MATERIAL PROVIDED —
..............................

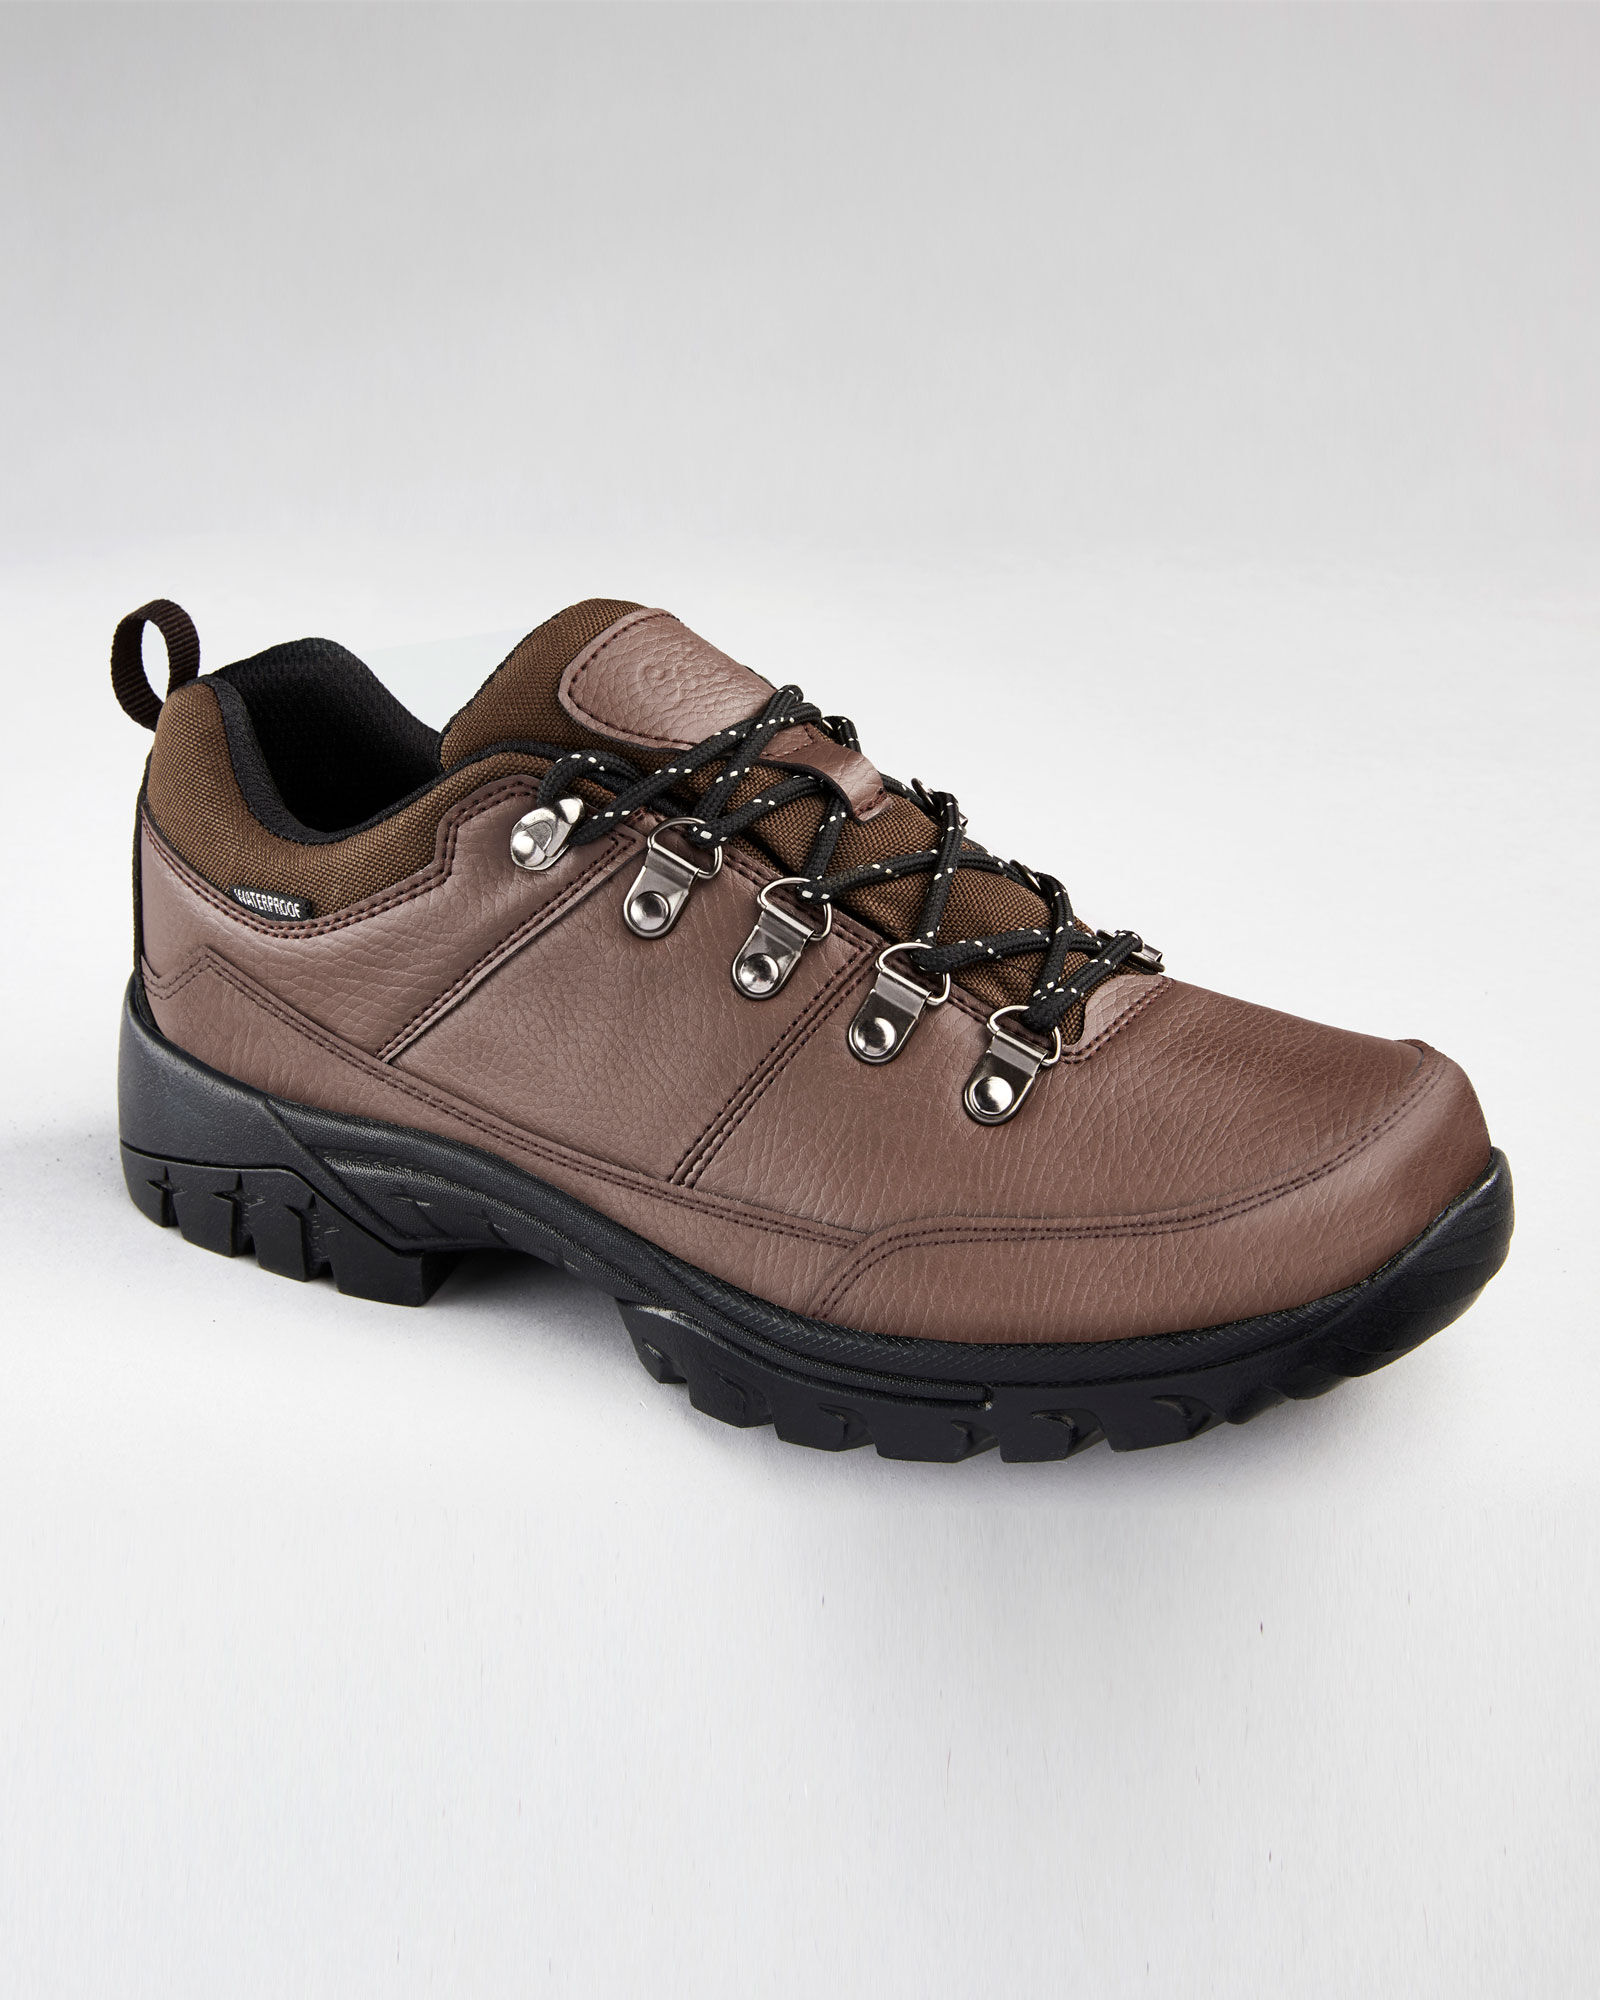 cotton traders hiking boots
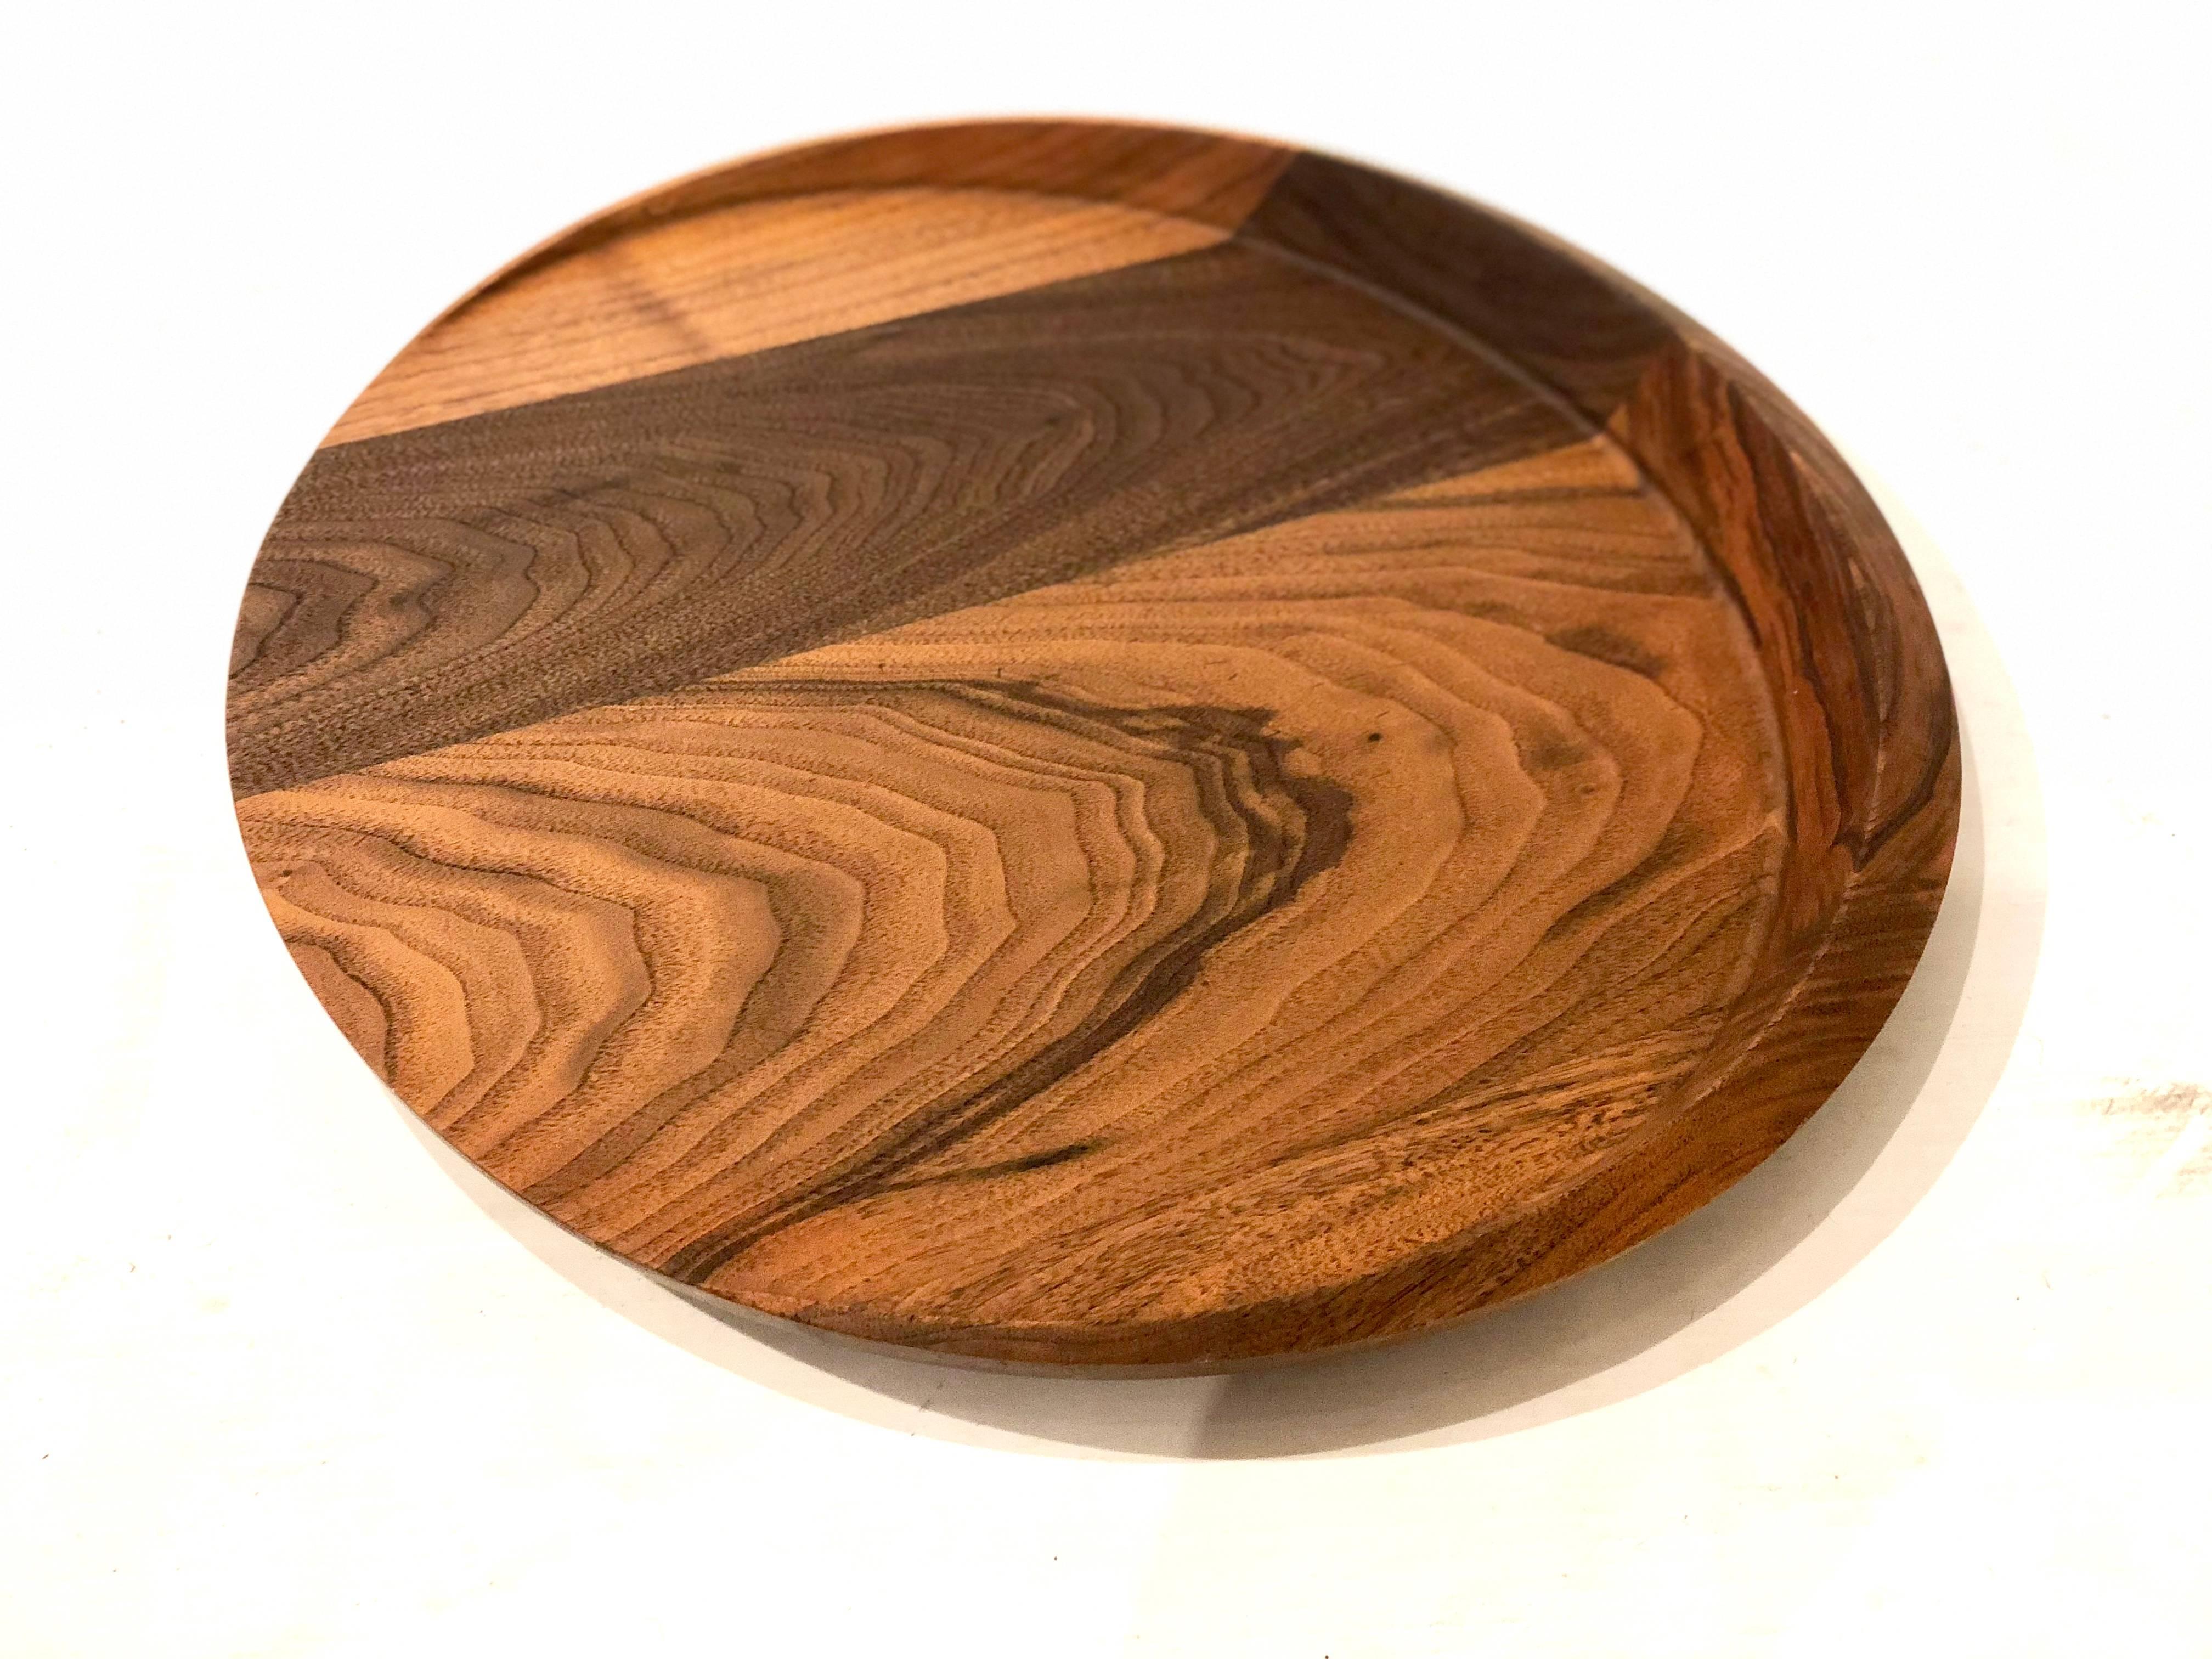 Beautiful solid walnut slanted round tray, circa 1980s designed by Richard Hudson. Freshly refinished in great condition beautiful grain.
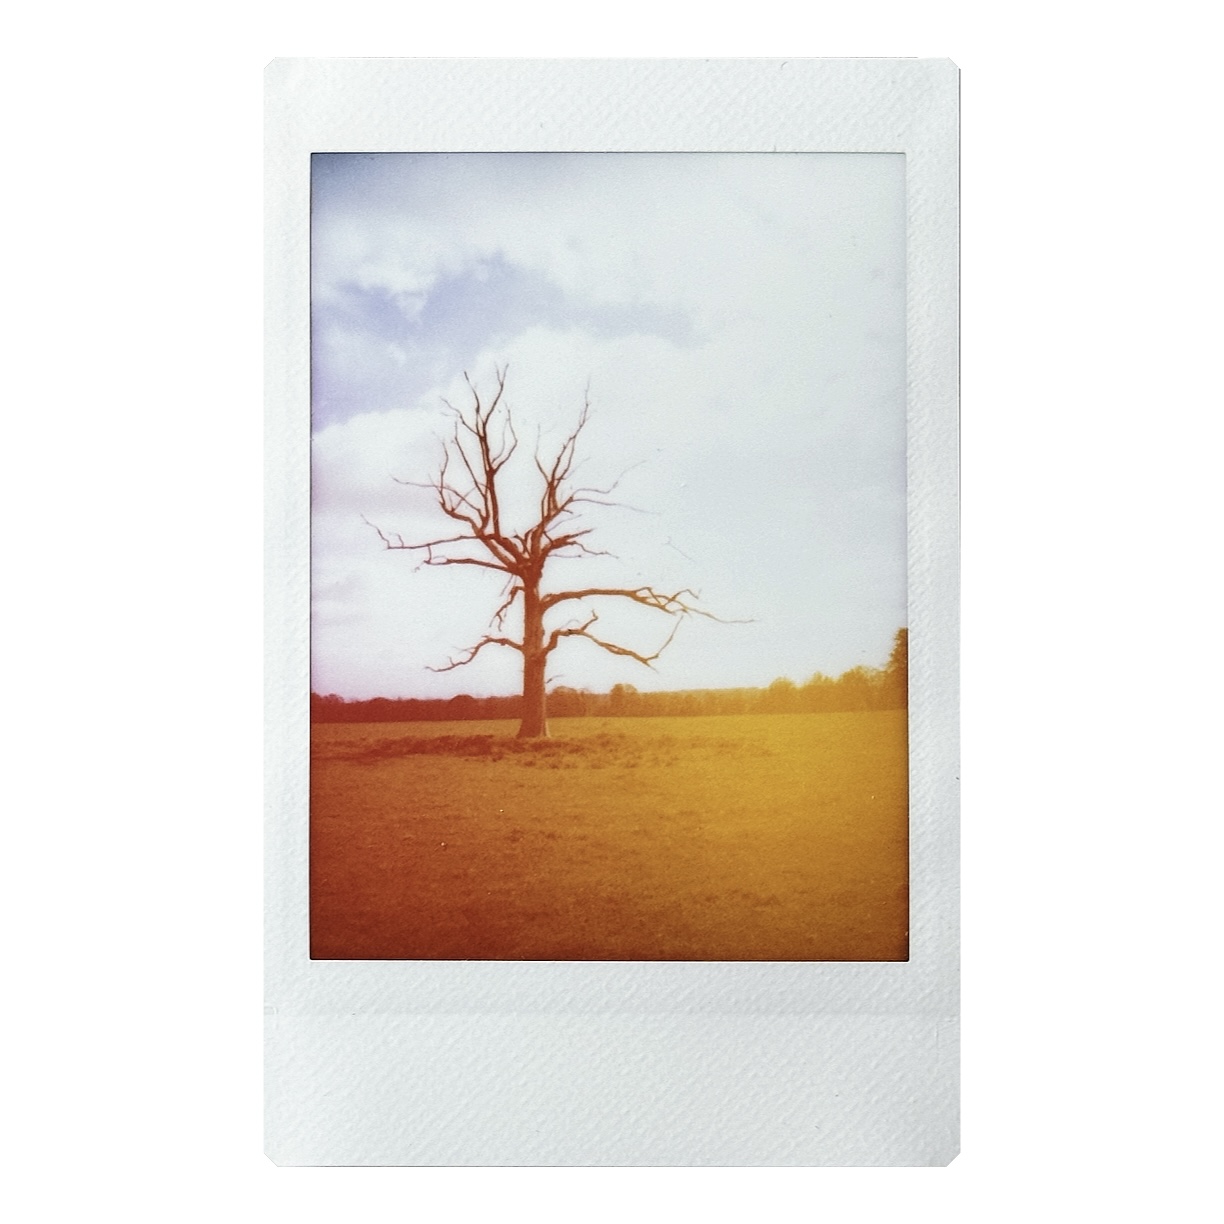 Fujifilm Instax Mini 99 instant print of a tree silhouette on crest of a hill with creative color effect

..............................

DESCRIPTION OF THE TASK — For this exercise, restate the material exactly and skip every picture.

RESULT FOR THIS EXERCISE —
 cotton traders hiking boots
 Beautiful solid walnut slanted round tray, circa 1980s designed by Richard Hudson. Freshly refinished in great condition beautiful grain.
 Fujifilm Instax Mini 99 instant print of a tree silhouette on crest of a hill with creative color effect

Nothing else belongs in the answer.